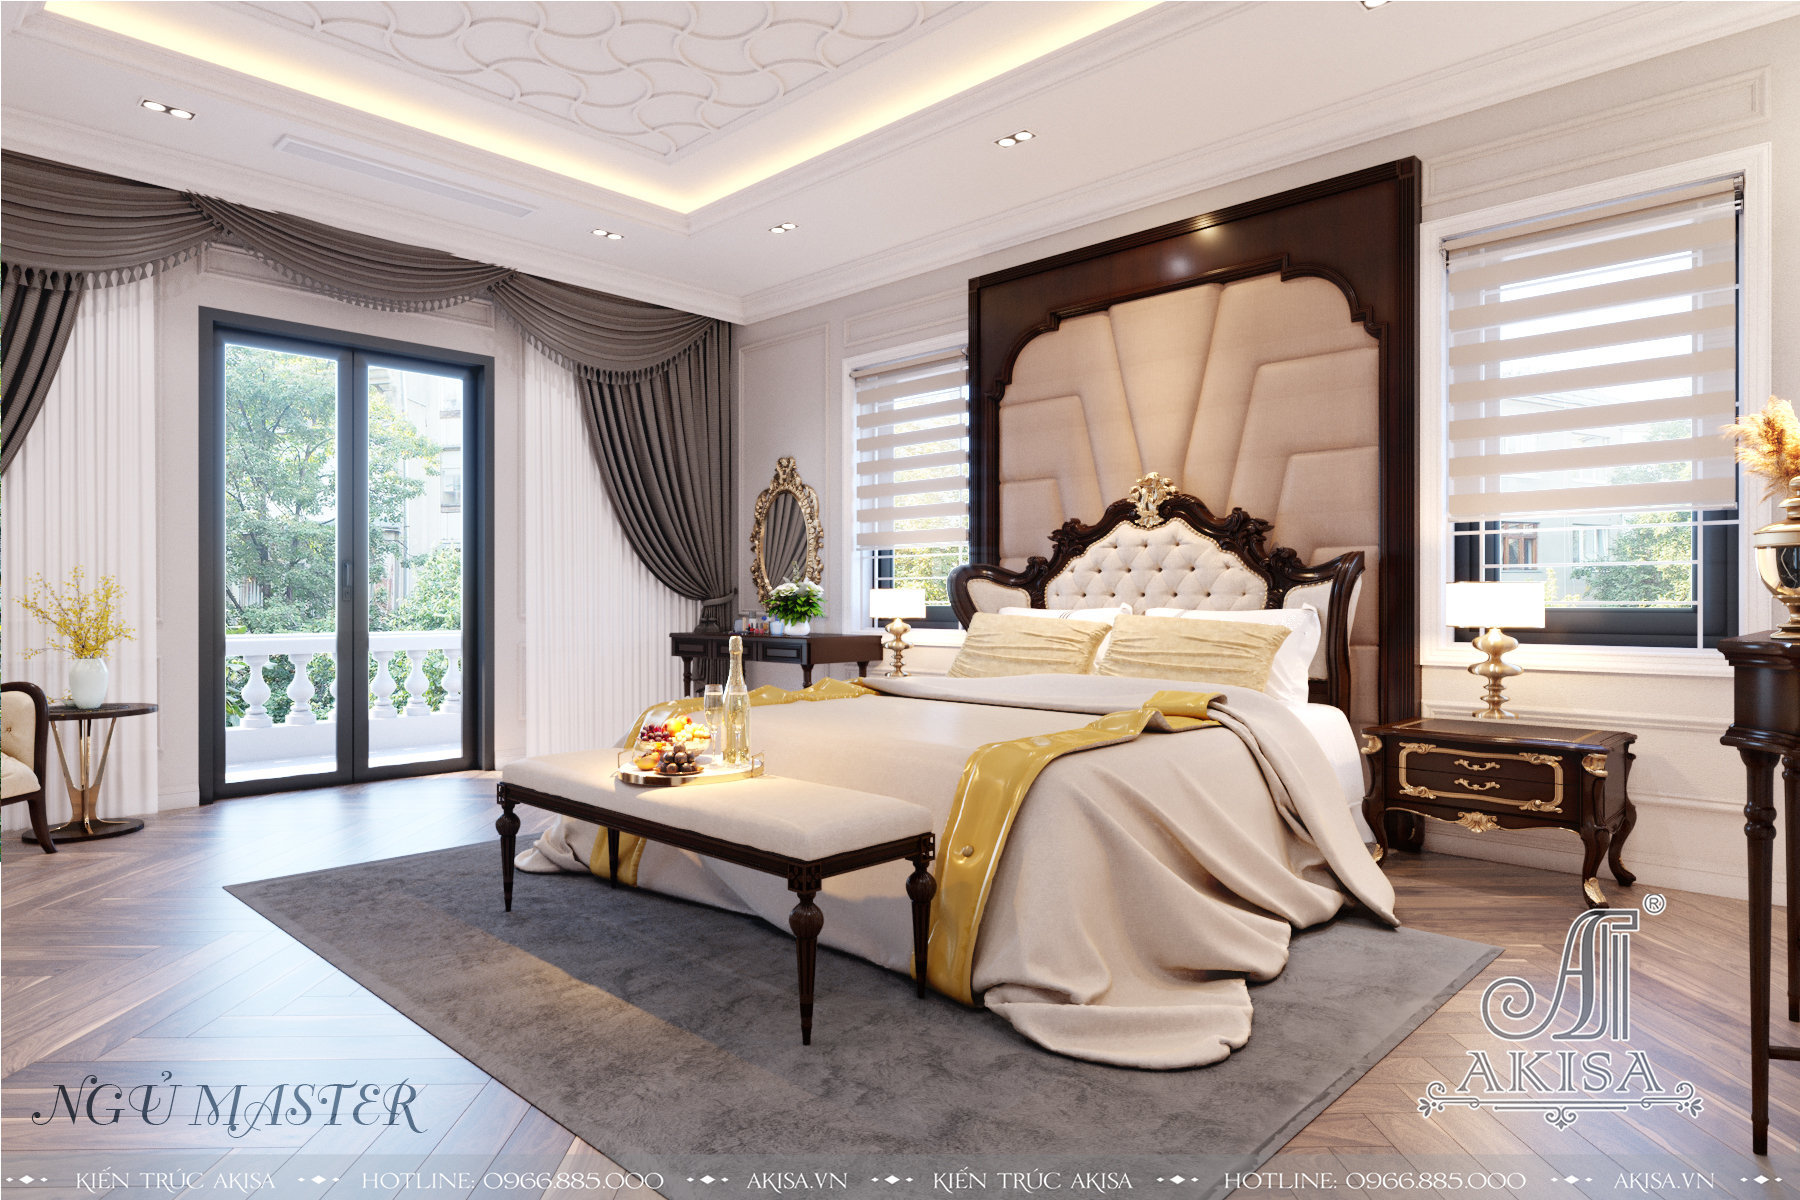 Phòng ngủ Master thông thoáng nhờ thiết kế cửa sổ thông minh tạo ánh sáng chan hòa và lưu thông gió, mang tới nguồn năng lượng tích cực cho gia chủ
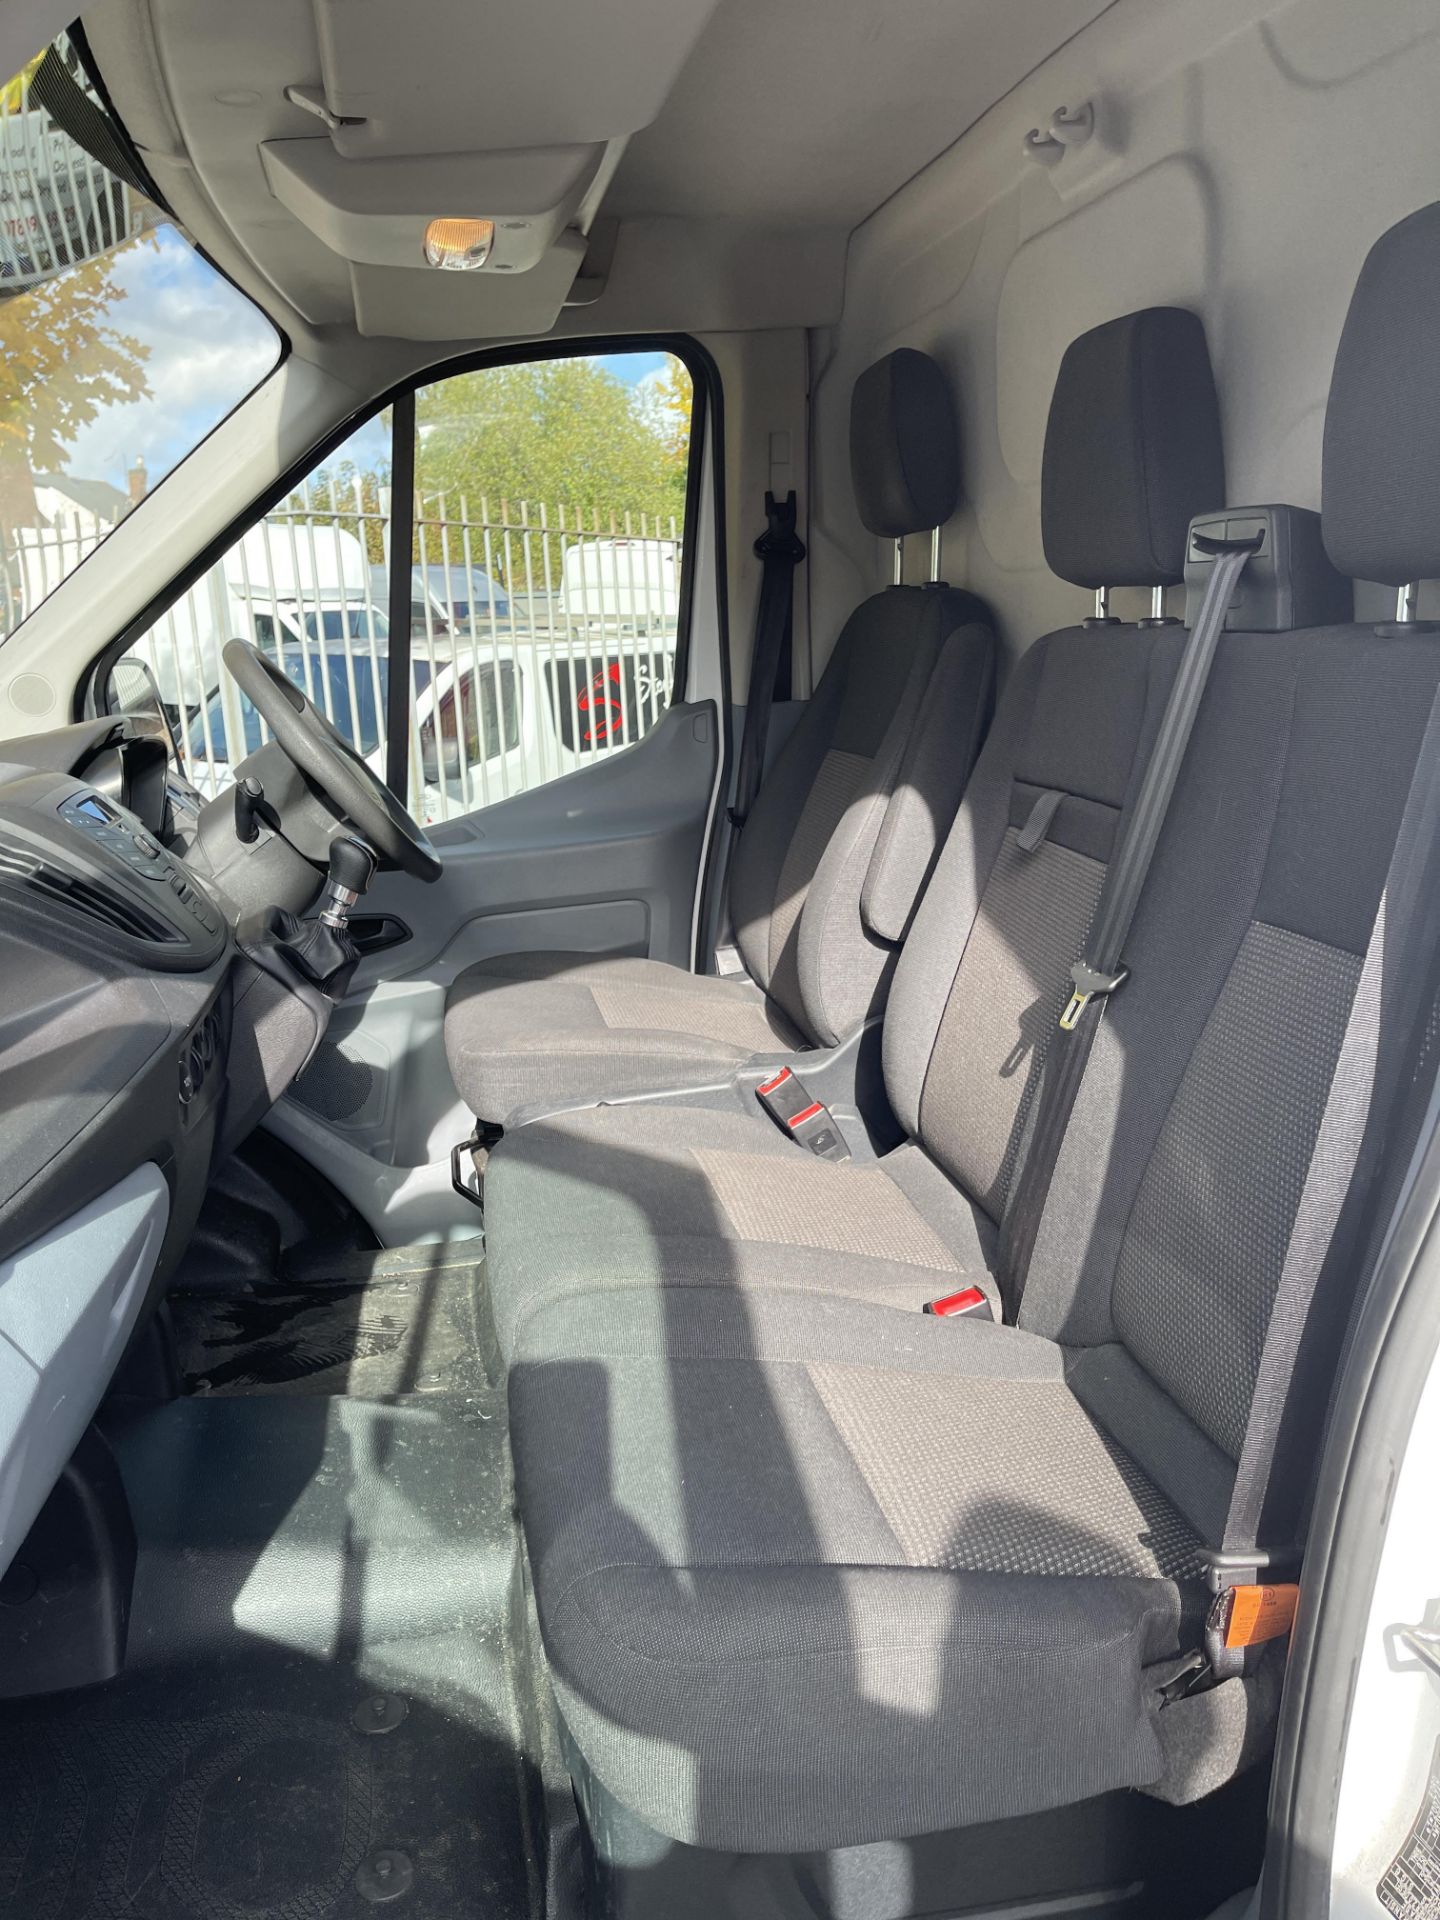 2018 - Ford Transit 350 L4 Diesel Panel Van - Image 35 of 46
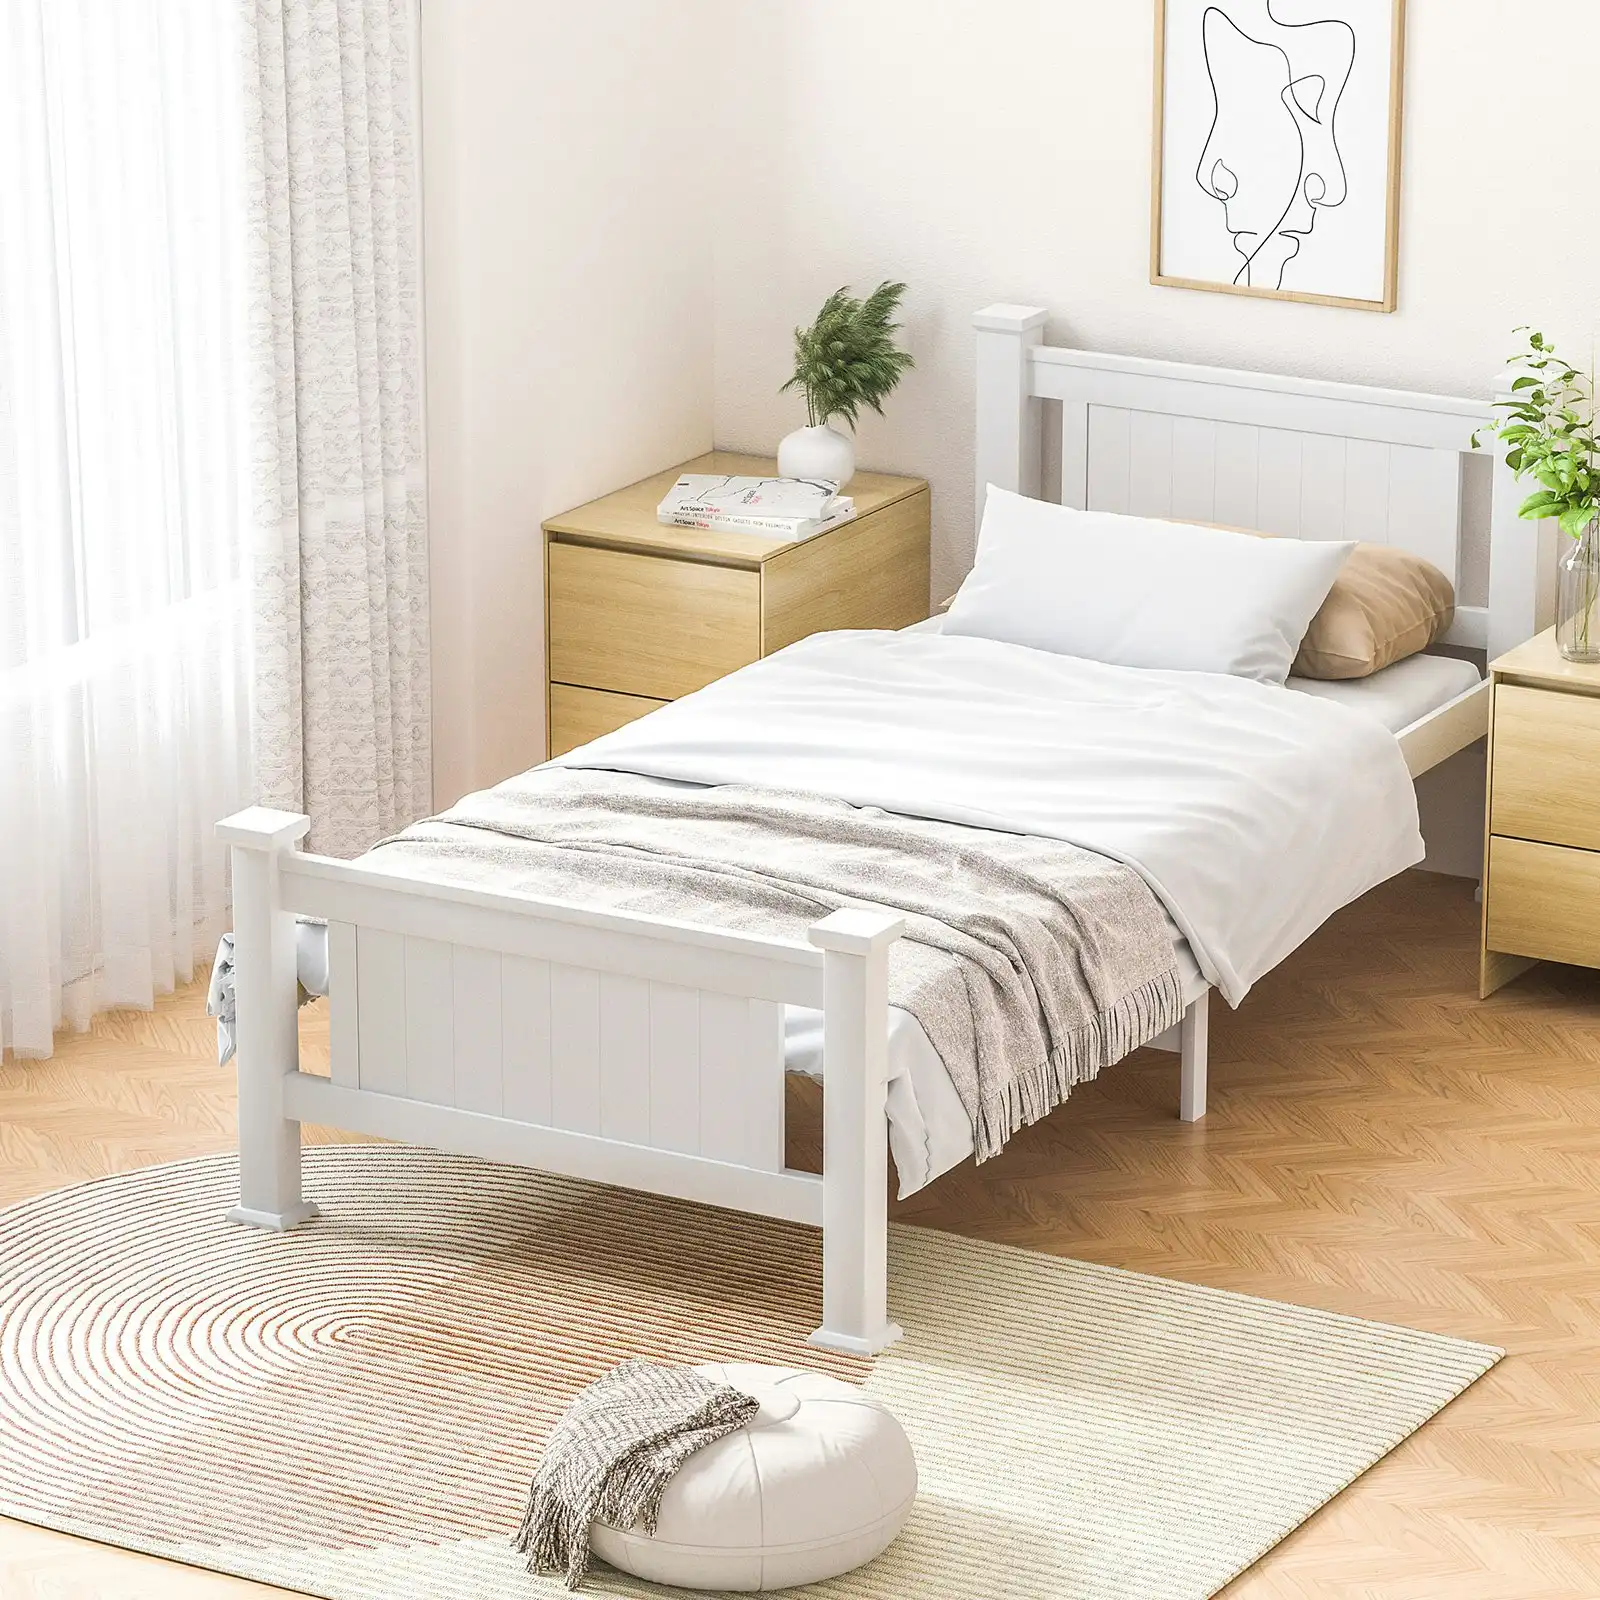 Oikiture Bed Frame Single Size Pine Wooden Timber Base Platform Bedroom

··········

TASK BRIEF: Return only what lies between the line containing "2018 - Ford" and the last line of the listing, those two lines included, exactly as written and with no pictures.

COMPLETED TASK:
 2018 - Ford Transit 350 L4 Diesel Panel Van - Image 35 of 46
 Oikiture Bed Frame Single Size Pine Wooden Timber Base Platform Bedroom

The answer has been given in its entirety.